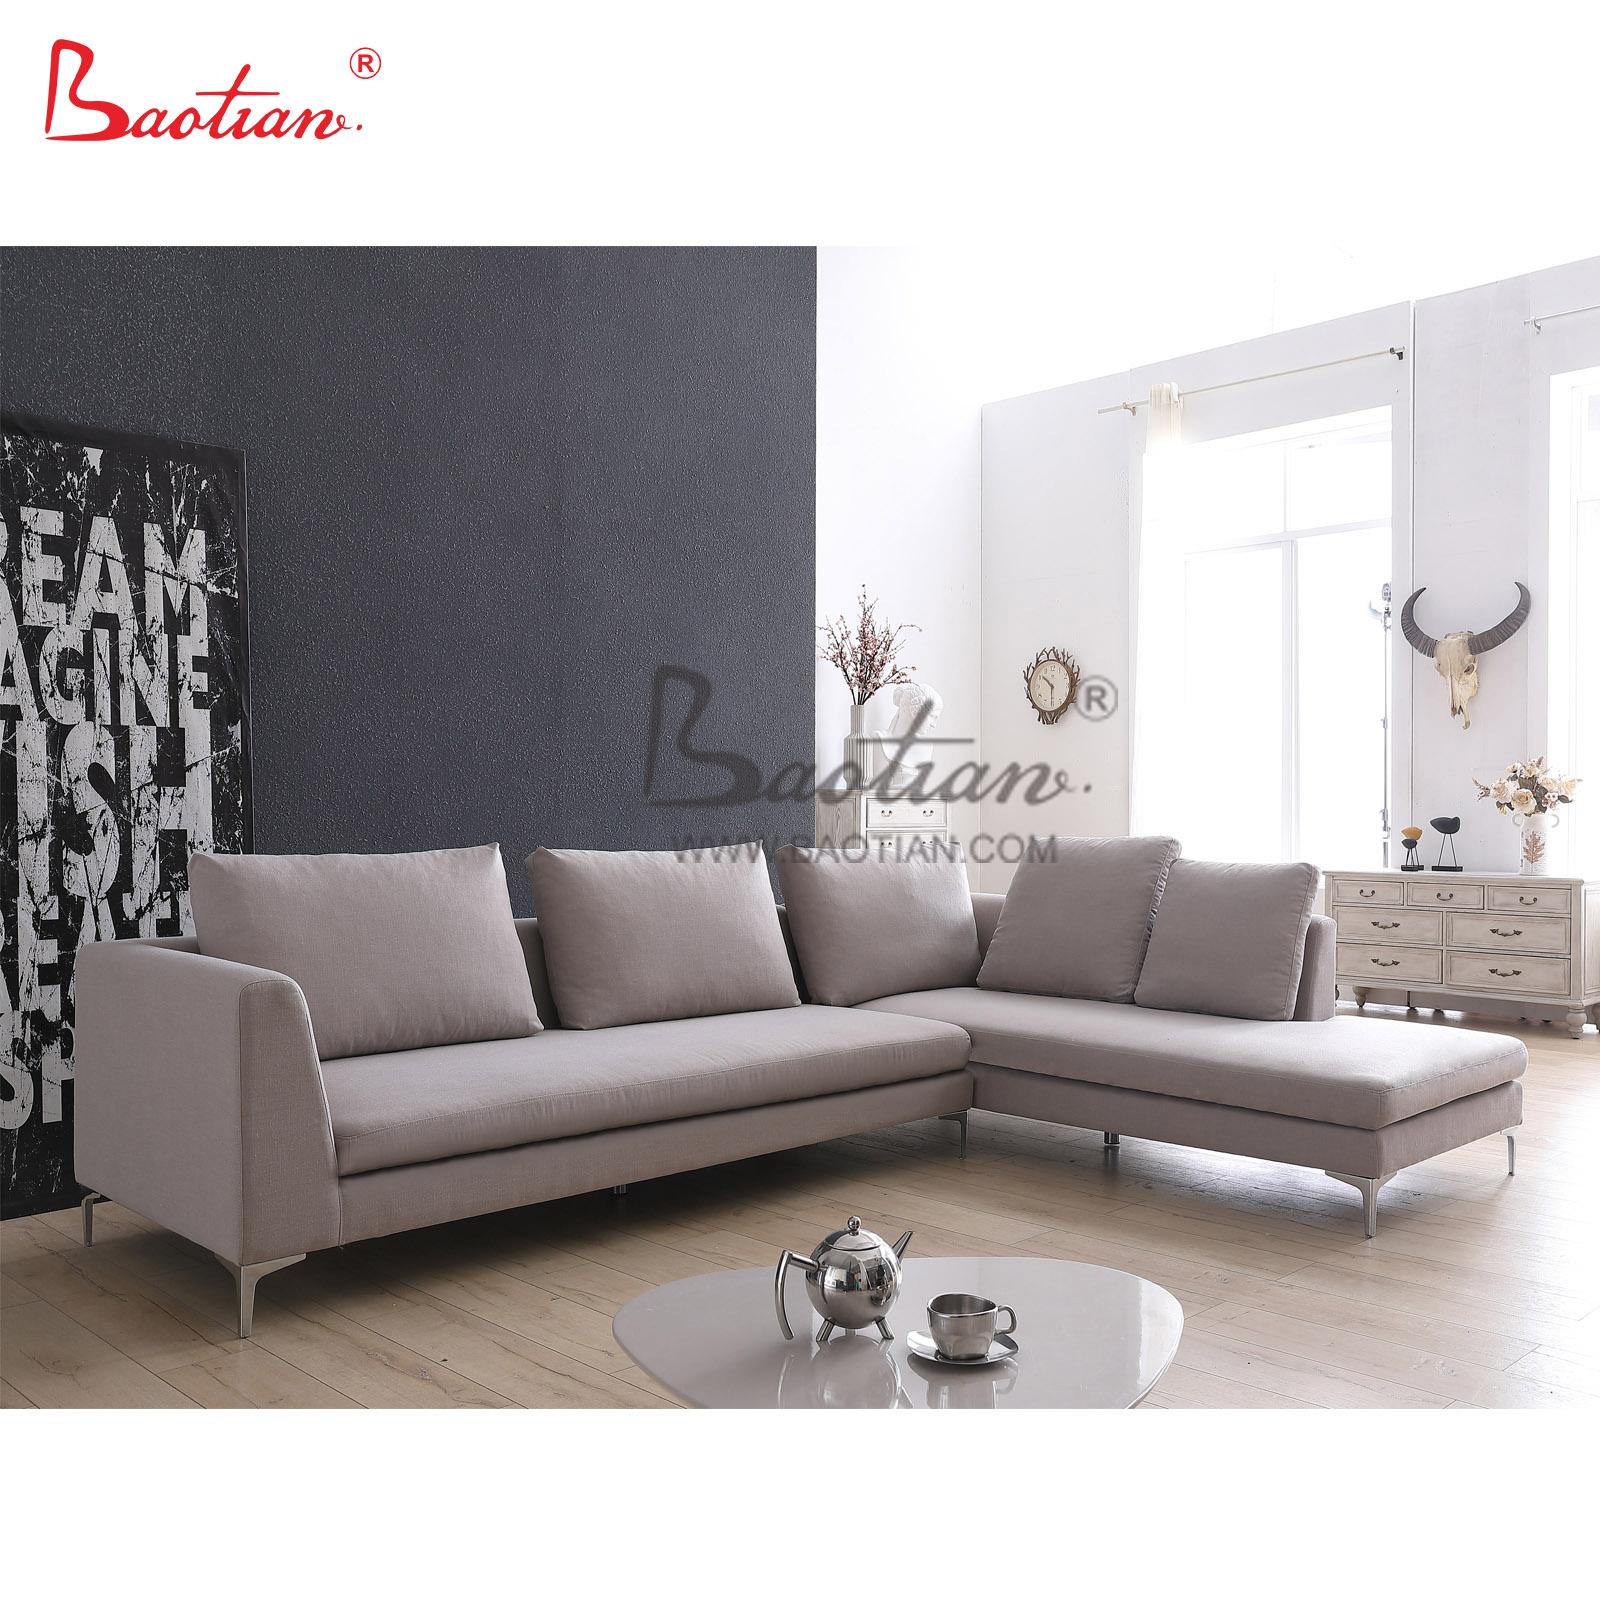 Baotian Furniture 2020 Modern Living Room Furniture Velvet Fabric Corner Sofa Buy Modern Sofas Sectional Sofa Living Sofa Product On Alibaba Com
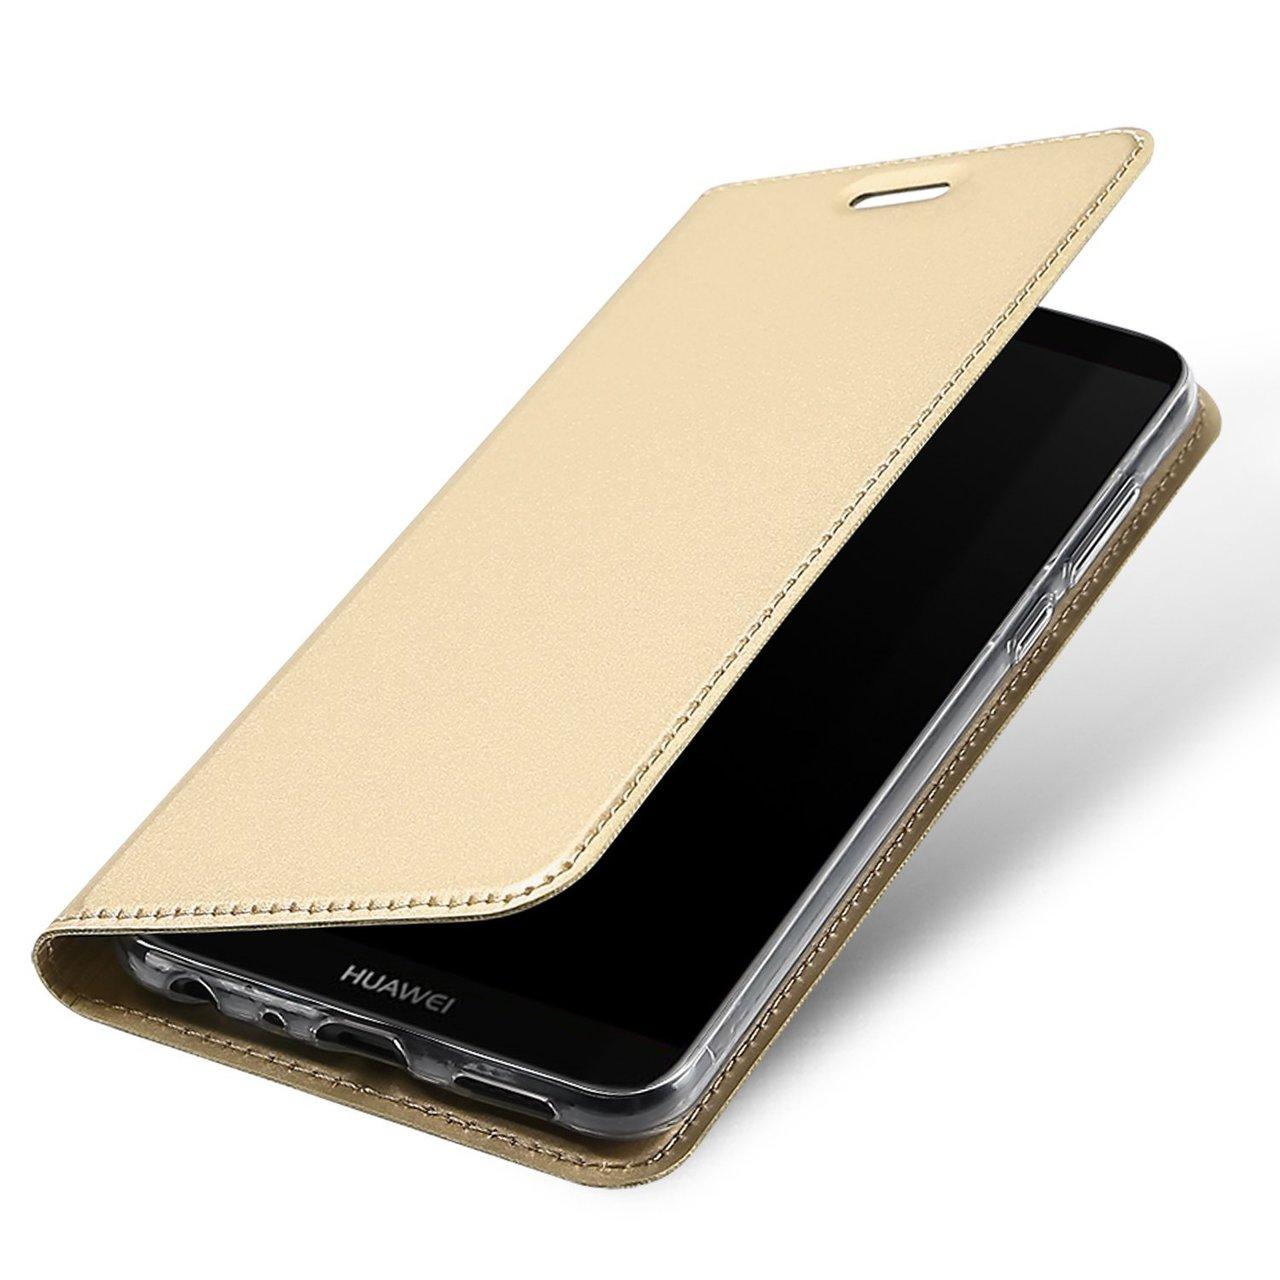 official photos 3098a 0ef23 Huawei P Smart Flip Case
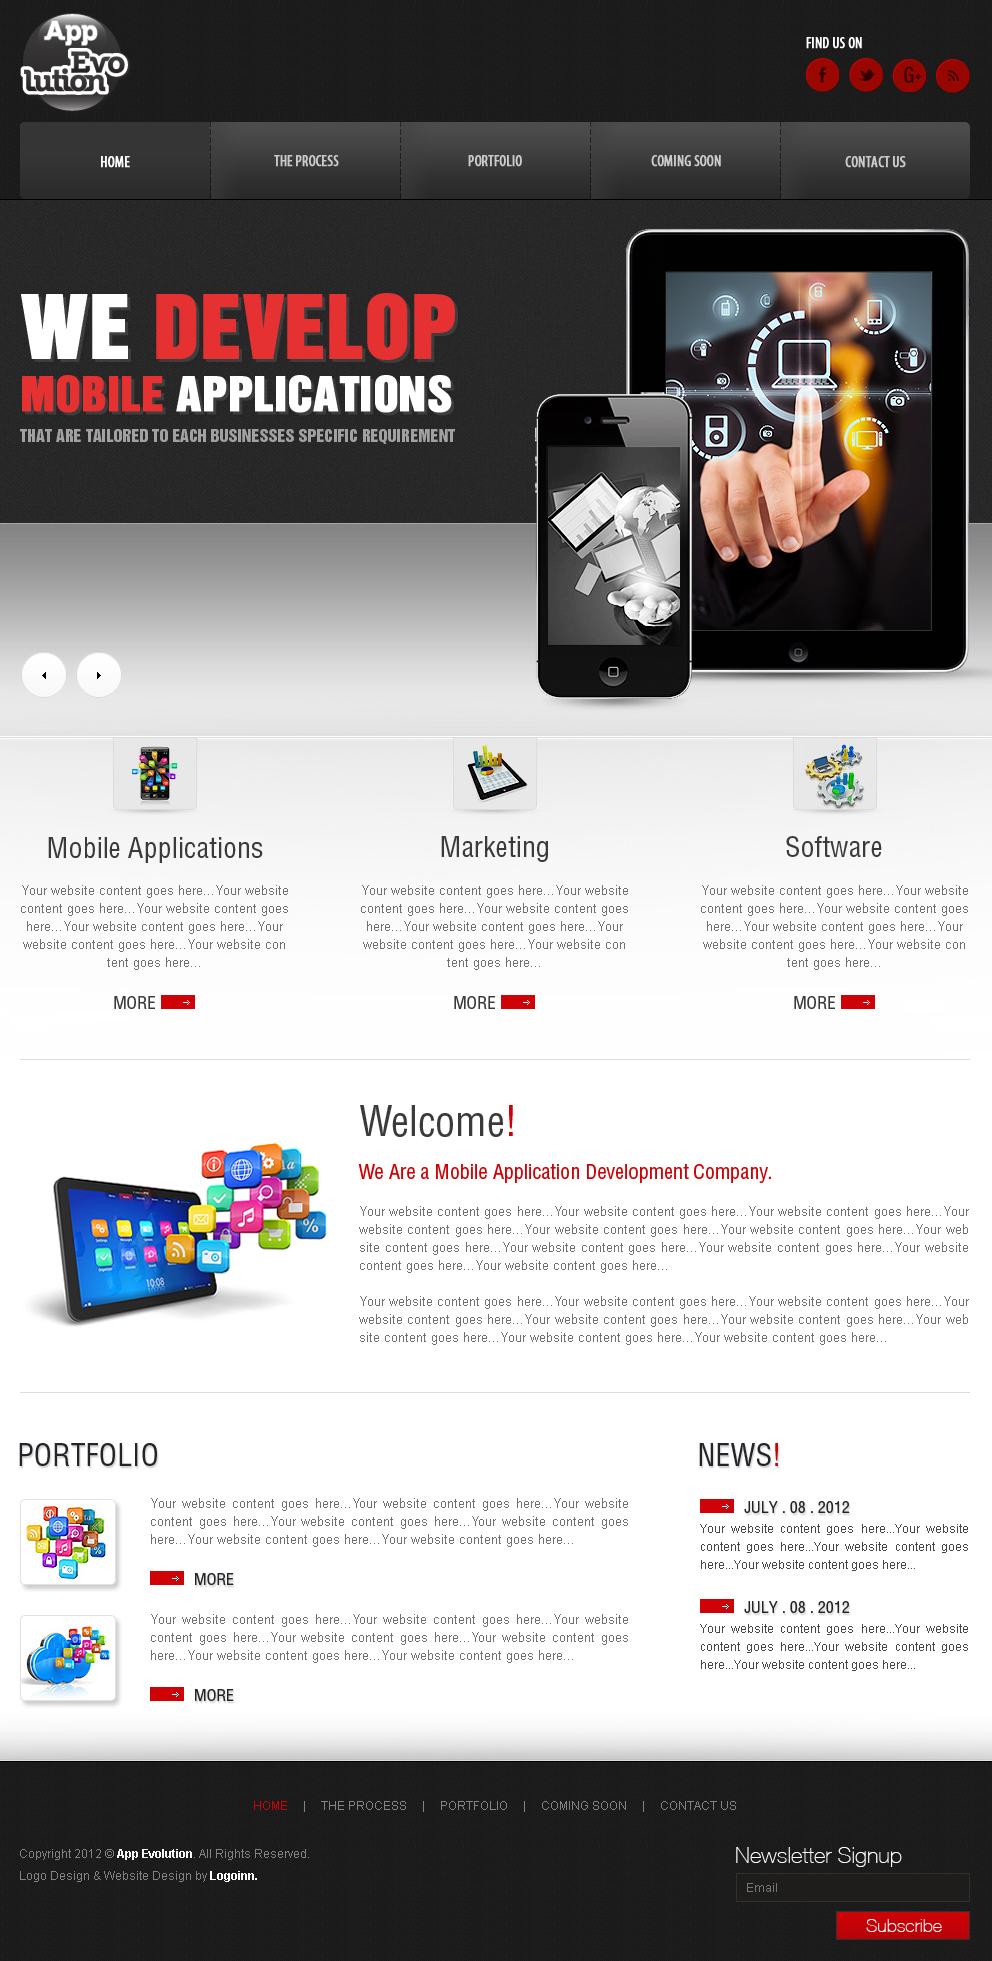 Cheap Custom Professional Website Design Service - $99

PROBLEM DESCRIPTION — Would you repeat the complete listing exactly, excluding each picture it holds?

WRITTEN REPLY —
 Baotian Furniture 2020 Modern Living Room Furniture Velvet Fabric Corner Sofa Buy Modern Sofas Sectional Sofa Living Sofa Product On Alibaba Com
 official photos 3098a 0ef23 Huawei P Smart Flip Case
 Cheap Custom Professional Website Design Service - $99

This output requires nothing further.